Research in context
Evidence before this study
On July 2, 2022, we searched PubMed without language or date restrictions for studies reporting on the development and validation of machine learning-based models for coronary artery disease, including atherosclerosis, death, and myocardial infarction. The following terms and related terms were used when searching: (“machine learning”, “artificial intelligence”, or “random forest”) and (“coronary artery disease”, “atherosclerosis”, “plaque”, or “myocardial infarction”). We identified several machine learning models in the past decade that predict coronary artery disease. However, these studies used machine learning models as a classification tool to simply predict the case-control status of coronary artery disease (binary framework of disease) and none used models to capture coronary artery disease on a spectrum of disease probabilities (quantitative framework of disease). Many of the studies were based on a limited set of features or predetermined risk factors. Hence, assessments of the clinical utility of coronary artery disease-predictive machine learning models are scarce. Therefore, we investigated probabilities generated by a machine learning model as an in-silico marker for coronary artery disease. Its clinical utility to quantify atherosclerotic plaque burden, survival, and risk of myocardial infarction on a continuum was assessed in a longitudinal multi-ethnic cohort, and underdiagnosed individuals with coronary artery disease were identified as an example of its intervenability. Our multimodal model analyses millions of diverse clinical datapoints of diagnoses, laboratory test results, medications, and vitals contained in the electronic health records (EHRs) of participants.
Added value of this study
To our knowledge, this study is the first that constructs a quantitative marker for coronary artery disease risk, severity, and prognosis from a machine learning model trained on clinical data from EHRs. Individuals with common diseases occupy a spectrum of disease that represents an individual's combination of risk factors and pathogenic processes; quantitative differences in coronary stenosis, for example, result in gradations of risk of death. Quantification of where an individual falls on the disease spectrum is needed for clinical screening and management. We developed and externally tested a coronary artery disease-predictive machine learning model using 95 935 EHRs in the multi-ethnic BioMe Biobank and UK Biobank, and from it generated an in-silico score for coronary artery disease (ISCAD). We found that coronary stenosis from angiography data increased quantitatively with ascending ISCAD, including risk of obstructive coronary artery disease, multivessel coronary artery disease, and stenosis of each major coronary artery, such as the left main and proximal left anterior descending arteries. All-cause death increased stepwise over ascending ISCAD and sequelae, such as recurrent myocardial infarction, rose in gradations with ISCAD. ISCAD showed greater associations with these coronary artery disease outcomes than did conventional risk scores of pooled cohort equations and polygenic risk scores. We identified participants with high ISCAD who had no coronary artery disease diagnosis and found that almost 50% of them had clinical evidence of underdiagnosed coronary artery disease on manual chart review.

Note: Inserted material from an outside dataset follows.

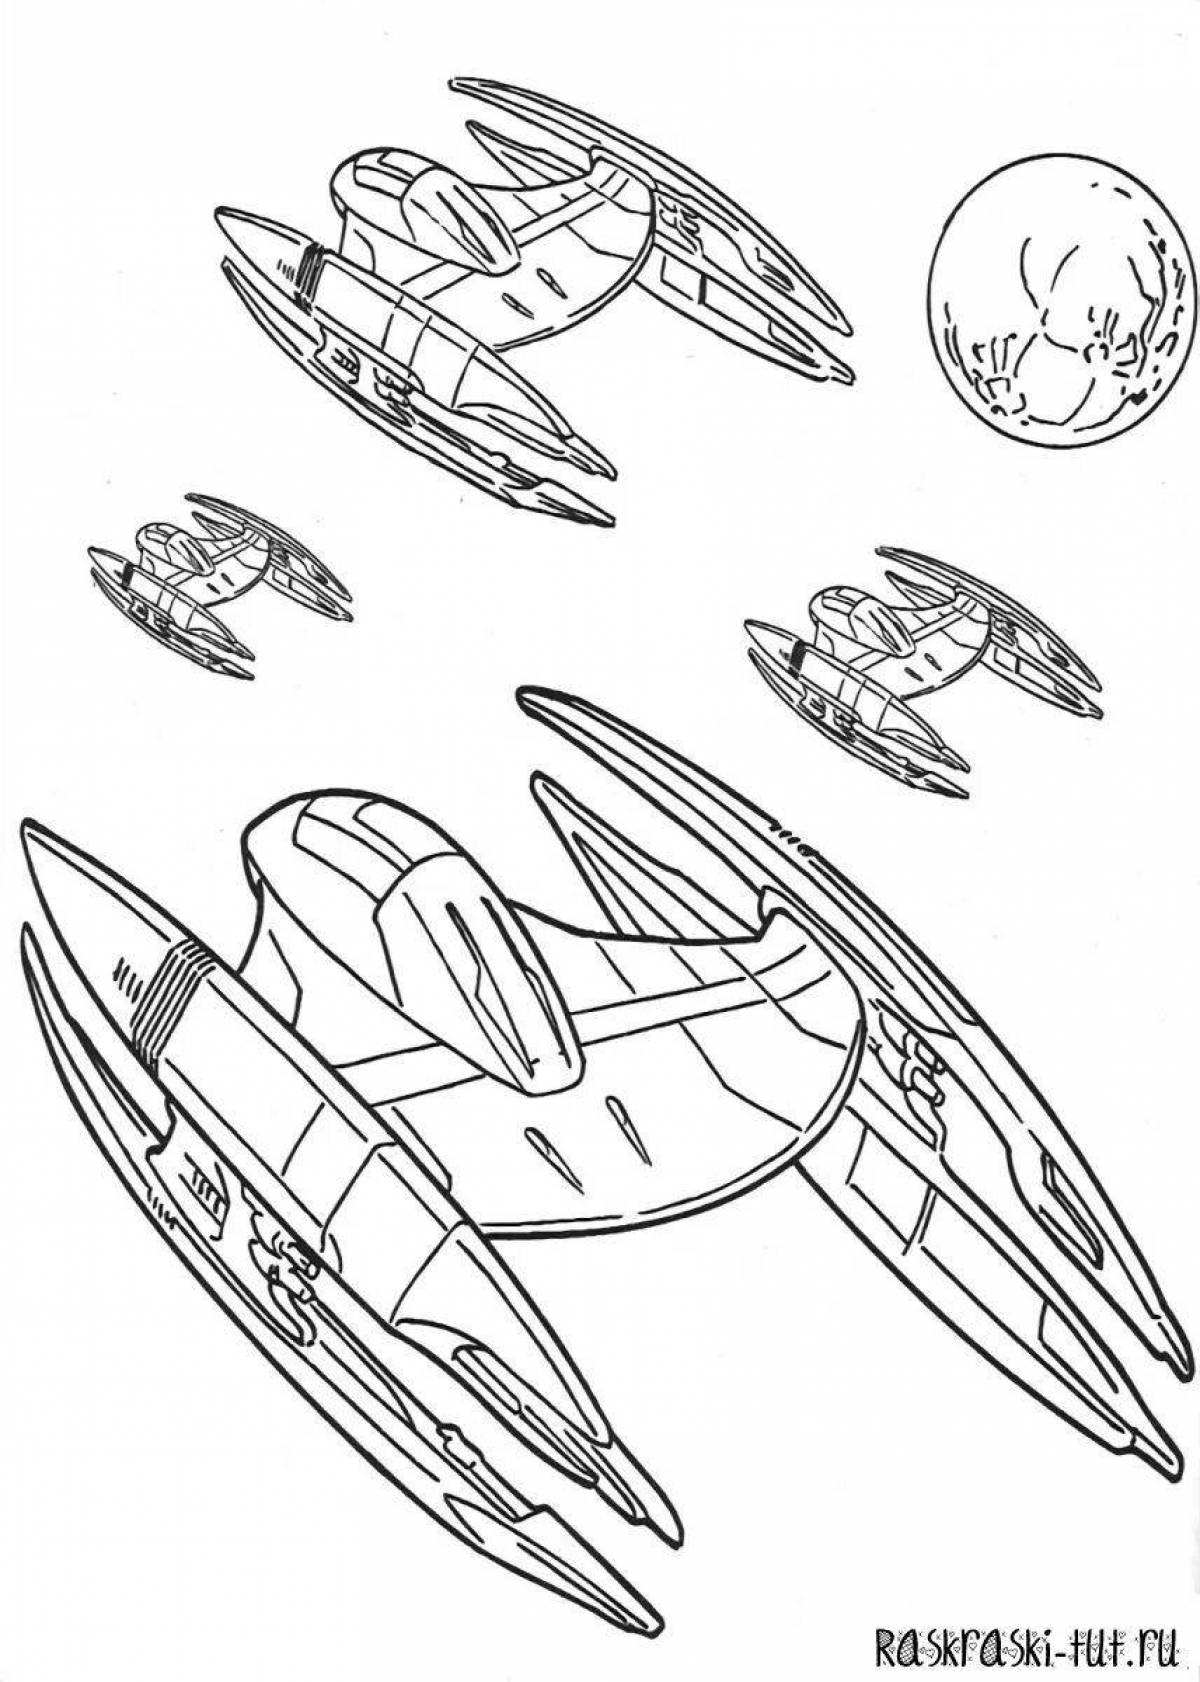 Flawless spaceship coloring page

Implications of all the available evidence
Our study shows a reconceptualisation of coronary artery disease—including atherosclerosis, death, and sequelae—as a spectrum of disease that is quantifiable with artificial intelligence trained on clinical data. This in-silico marker derived from machine learning captured coronary artery disease pathophysiology and clinical outcomes on a continuum. The model is holistic in drawing on a wide array of clinical information from population-based biobanks, inclusive in representing diverse populations, and faithful in preserving the complexity of disease. The implementation of machine learning-based quantitative markers for coronary artery disease might help to define the disease state and clinical outcomes in patients, while optimising the detection of disease and reducing underdiagnosis.